Cole acquiesça malgré sa culpabilité grandissante d’avoir caché sa véritable identité. Il se détacha de Lambda, encore traumatisé, mais capable de tenir debout seul.

— T’as vu qui c’était, avec Alma ? interrogea Nounours bien qu’il avait déjà une bonne idée de l’identité des coupables.

Les poings serrés, la Montagne se tenait prête à en découdre.

— Daniel, répond Cole d’une voix enrouée de colère.

Il le haïssait. De tout son être. La rage le foudroya. Cet enfoiré valait pas mieux que le scientifique. Cole lui arracherait la gueule. Le dépecerait vivant !

— Ah l’batard ! s’exclama Nounours. T’en fais pas, je sais où ils sont allés. On va aller leur rendre une petite visite et récupérer tes affaires.

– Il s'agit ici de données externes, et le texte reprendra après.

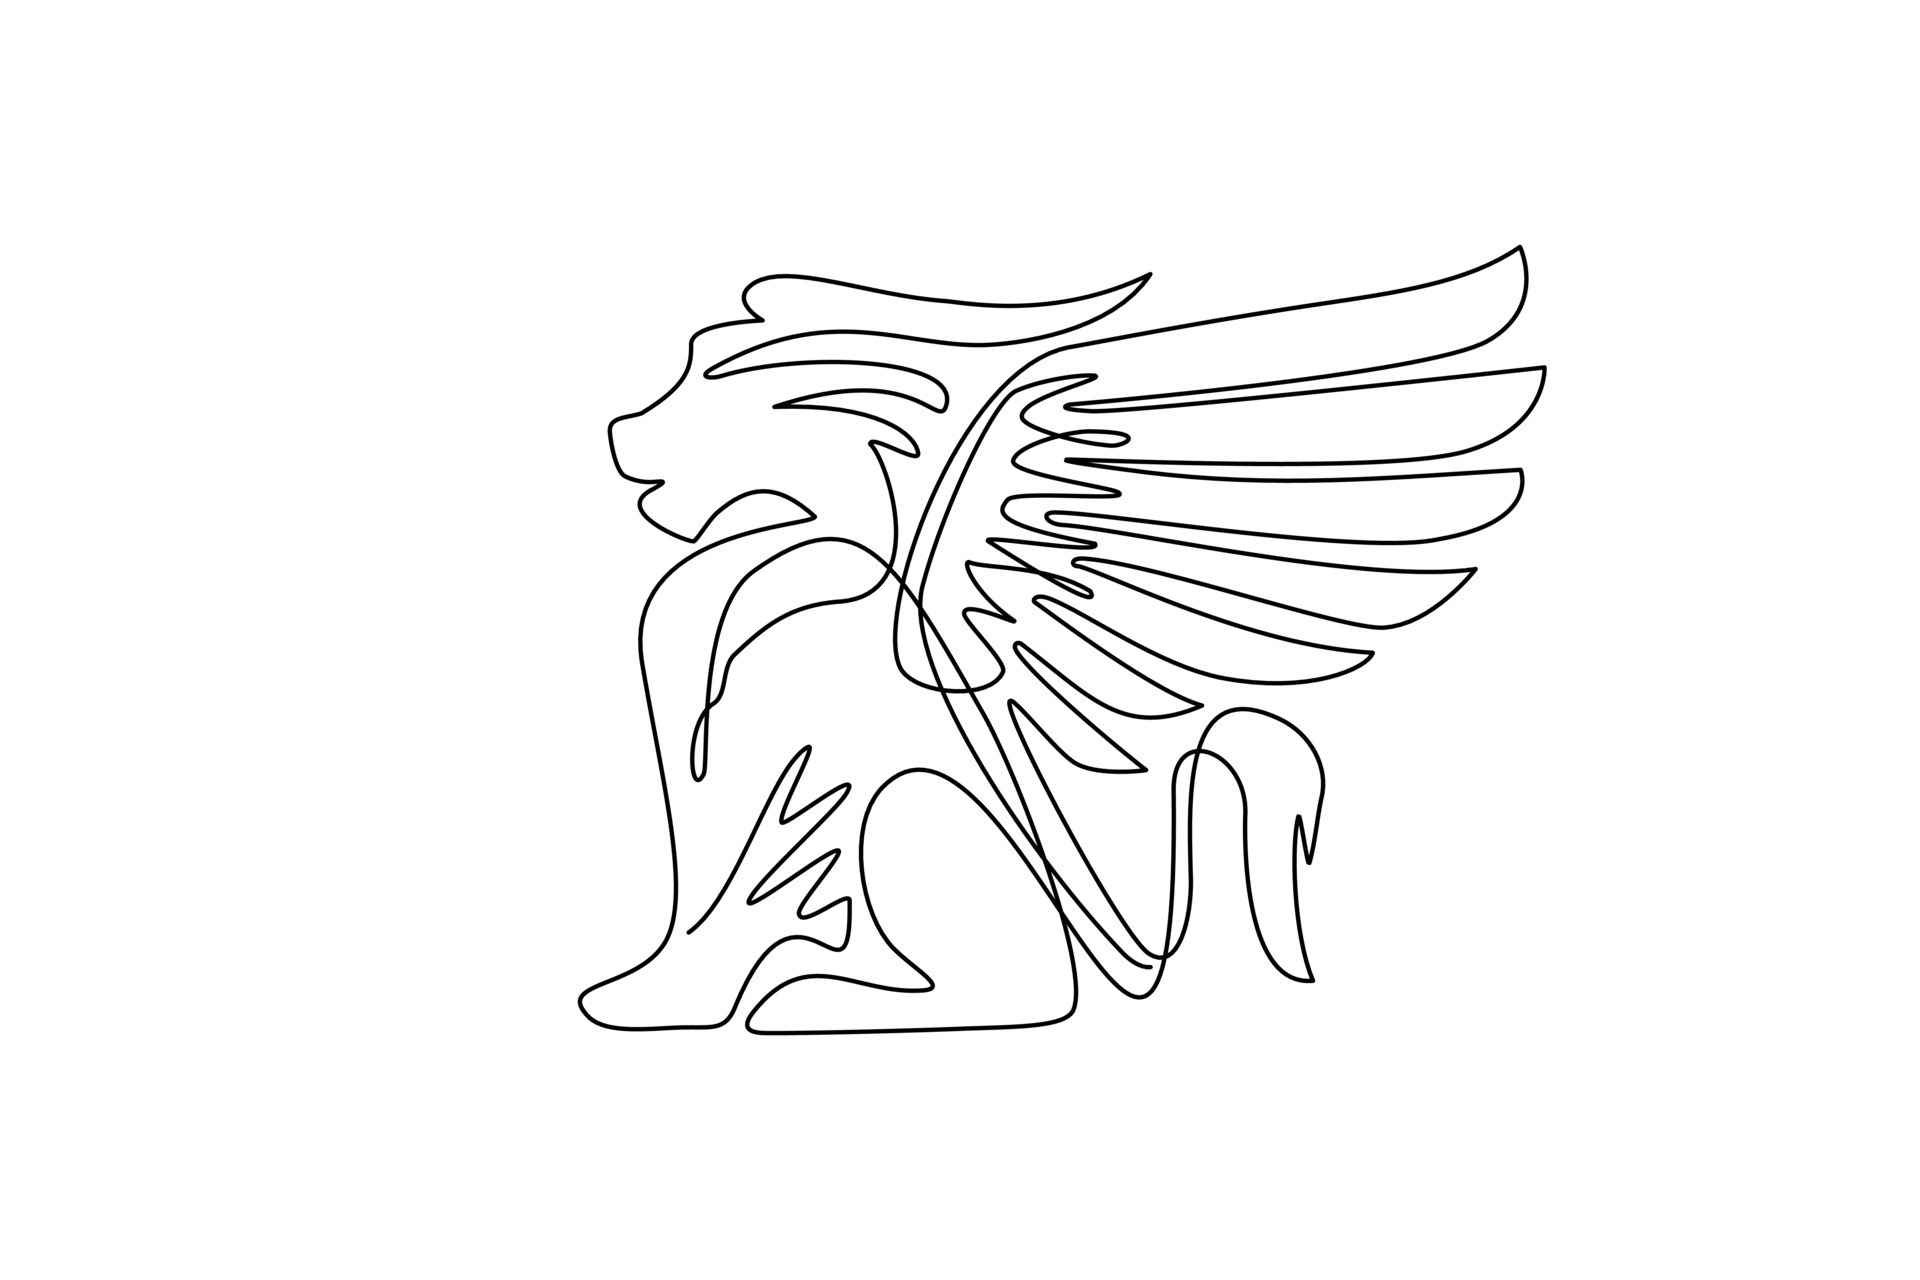 https://static.vecteezy.com/system/resources/previews/008/720/227/original/single-one-line-drawing-winged-lion-logos-fantasy-creatures-fantasy-beasts-mythical-creatures-griffin-premium-business-template-modern-continuous-line-draw-design-graphic-illustration-vector.jpg

— Attends un peu, Nounours, le gronda Marylou. Va pas trop vite en besogne, hein ? Est-ce-que t’es blessé, Sven ?

Blessé dans son ego, dans sa virilité, oui, à coup sûr. Cole grommela un “non” peu convainquant. Marylou observait ses lèvres avec une telle insistance qu’il se sentit le besoin de se justifier :

— C’est pas mon sang. Me suis défendu, c’est tout.

Cole se dirigea vers le cours d’eau pour se badigeonner le visage. Il fut surpris de sa froideur glacial, mais réitéra son geste. S’imposa un rythme frénétique. Plus de traces. Plus de traces humiliantes. Plus de traces du sang. De la violence. Il avait cru réussir à s’intégrer, au terrain-vague. Quelle désillusion ! Dehors, c’était pire qu’au labo. Au moins, là-bas, les bourreaux ne feignaient pas l’amitié. Cole savait. Ils lui voulaient du mal d’un bout à l’autre. Cole avait fuit, mais il ne s’échapperait jamais. Les entraves lui avaient marqué le corps, certes. Elles avaient aussi marqué l’esprit.